The “kidnapper” (a DEA agent playing along) sprays a burst at Reacher, who takes cover behind a van. As Reacher (and anyone with a bit of tactical training) would know, however, “cover from view is not cover from fire.” In other words, just because the enemy1 can’t see you, doesn’t mean their bullets can’t hit you. Look where those bullet holes are: unless that’s an up-armoured van, Reacher is dead. And even if it was armoured, it’s still a huge risk to take a one-handed burst from a submachine gun, a weapon not known for its precision.
This is a change from the book, where only Reacher was armed with live ammunition: the kidnappers (there were multiple) had all-blank loads. Reacher did also mix ball2 and blank ammunition in the book, but went into some detail about how he needed to see into the chambers of the weapon, hence why he chose a big revolver. In the book, Reacher was the one who insisted on this modicum of safety3.
There are a few other, smaller firearm mistakes which we will mention but perhaps not lose sleep over. At one stage, a baddie says, “unload your clips in their faces,” despite the fact that clips are something you put in your daughter’s hair4, and someone in the gun-running “community” ought to know that.
Another quibble is how, when Reacher goes looking for weapons for his final rampage, he breaks open crates and finds the weapons stored neatly along with boxes of ammunition. Assuming that these baddies don’t care about proper ammunition storage and transport, you might still wonder why the ammunition is packed alongside the weapons. It can’t be the most efficient way to pack, and it must have involved a tedious un-boxing and re-boxing of separate weapon and ammunition crates at some other point in the supply chain. The only apparent advantage of this setup is to make Reacher’s rampage a bit easier, logistically:

These mistakes shouldn’t happen in Reacher, which (as I’ve explained before) puts such stock in its authenticity. But they’re not the end of the world.
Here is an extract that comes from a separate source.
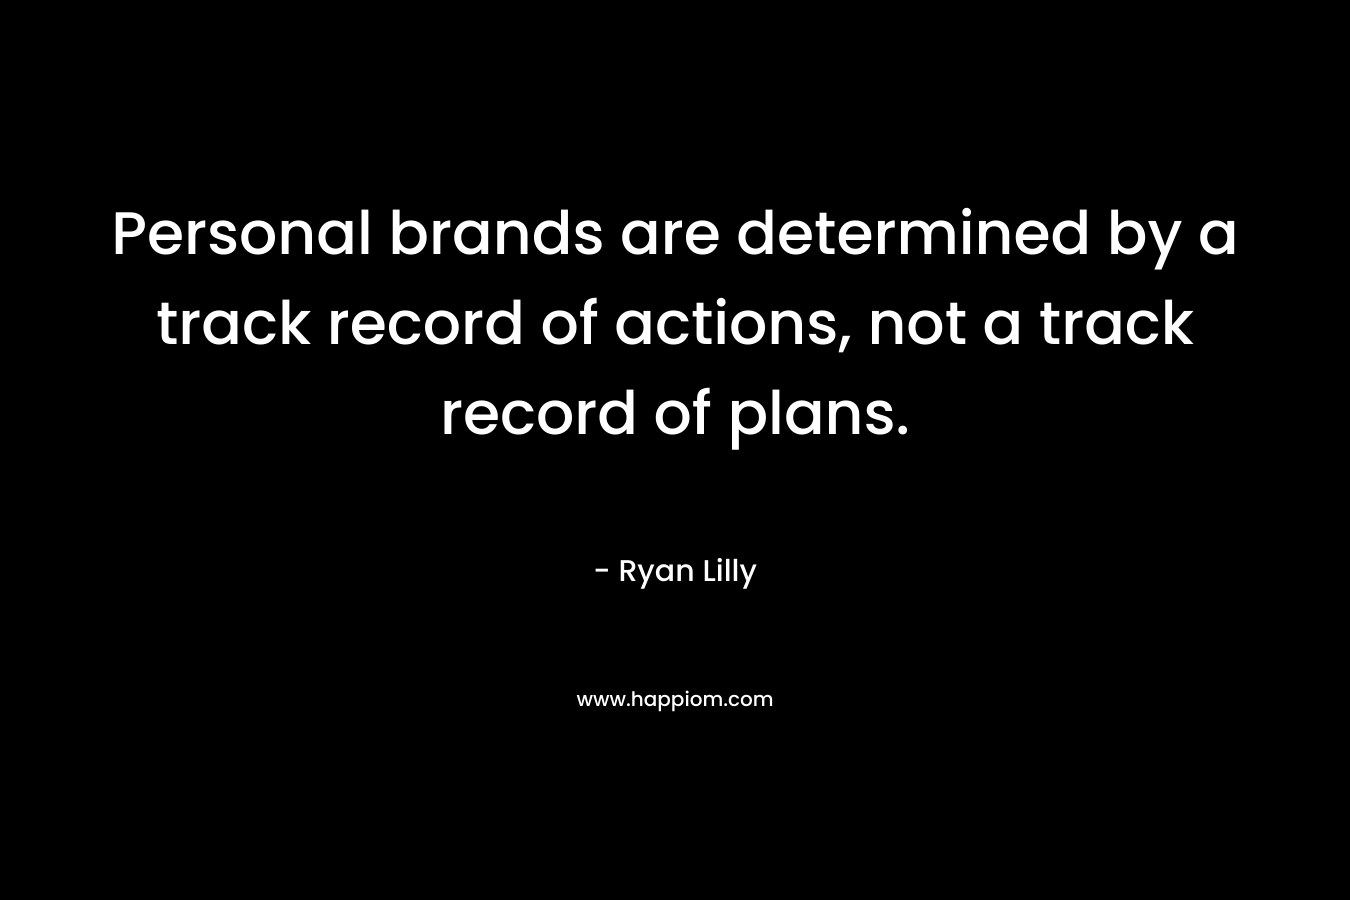 Personal brands are determined by a track record of actions, not a track record of plans. – Ryan Lilly

The series relies heavily on some very stupid villains
Reacher and Co’s success in Season 3 is mostly down to some serious stupidity on the part of the villains. It might be kinder to call it credulity, and it requires credulity on our part to accept that these supposed master criminals are that trusting and naive.
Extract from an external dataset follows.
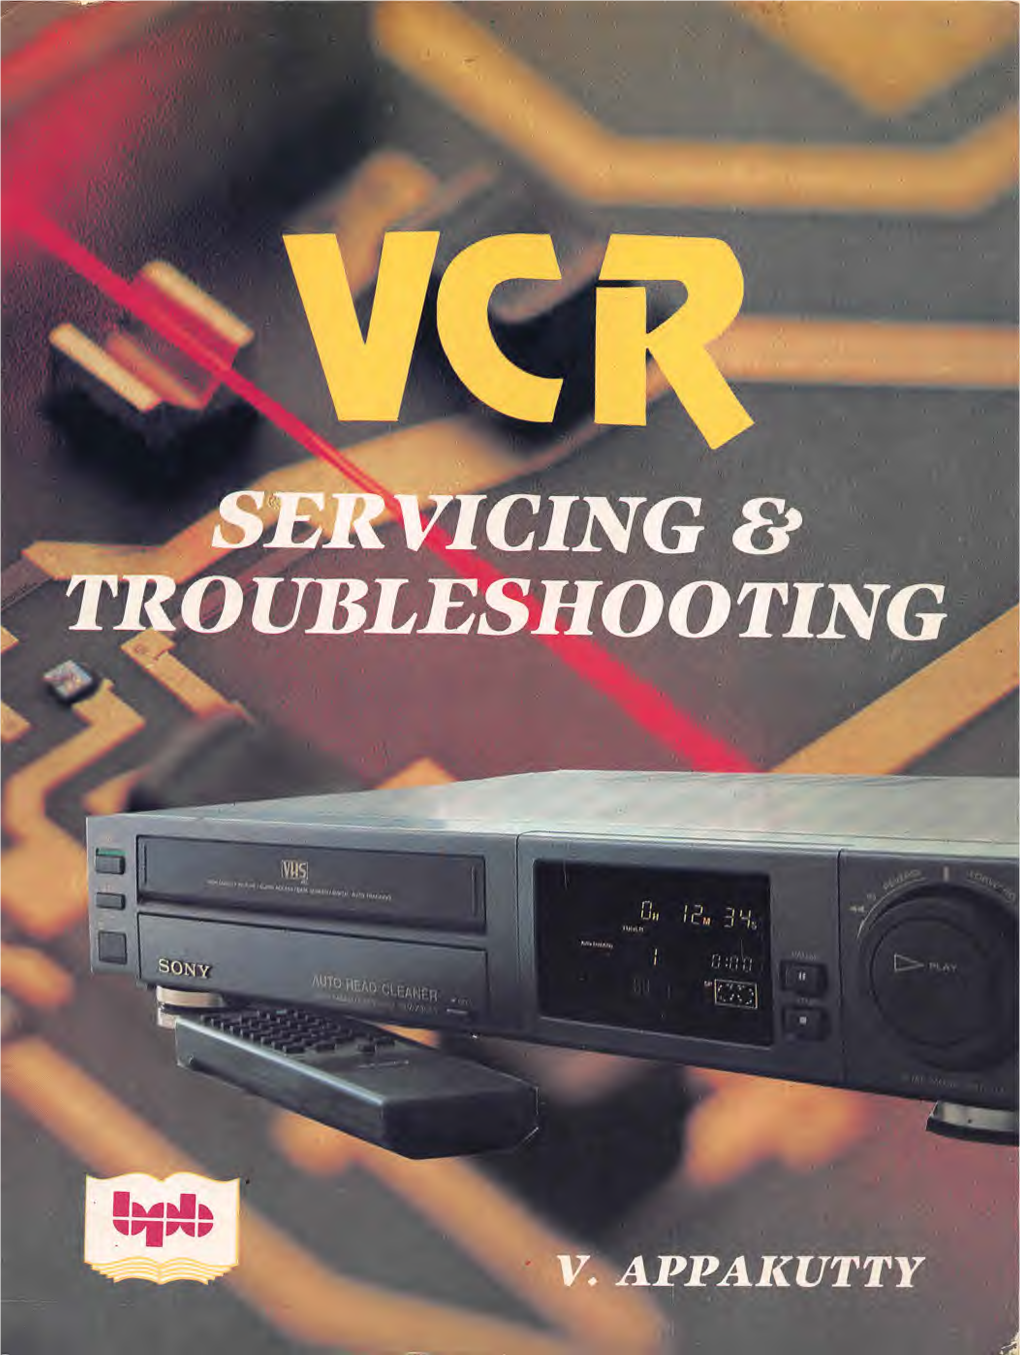 Vcr Servicing & Troubleshooting

To be fair, this is a problem that starts with the source material: in the book, Reacher gets taken in and Beck, Paulie, et al. get taken along for a ride. However, Lee Child goes to great lengths to explain how Reacher keeps the charade going, and how tenuous the whole thing is. He’s physically exhausted by having to sneak around all night and then put in a day’s work criminaling the next day. It takes a toll. In the show, he just powers on through with seemingly no difficulty.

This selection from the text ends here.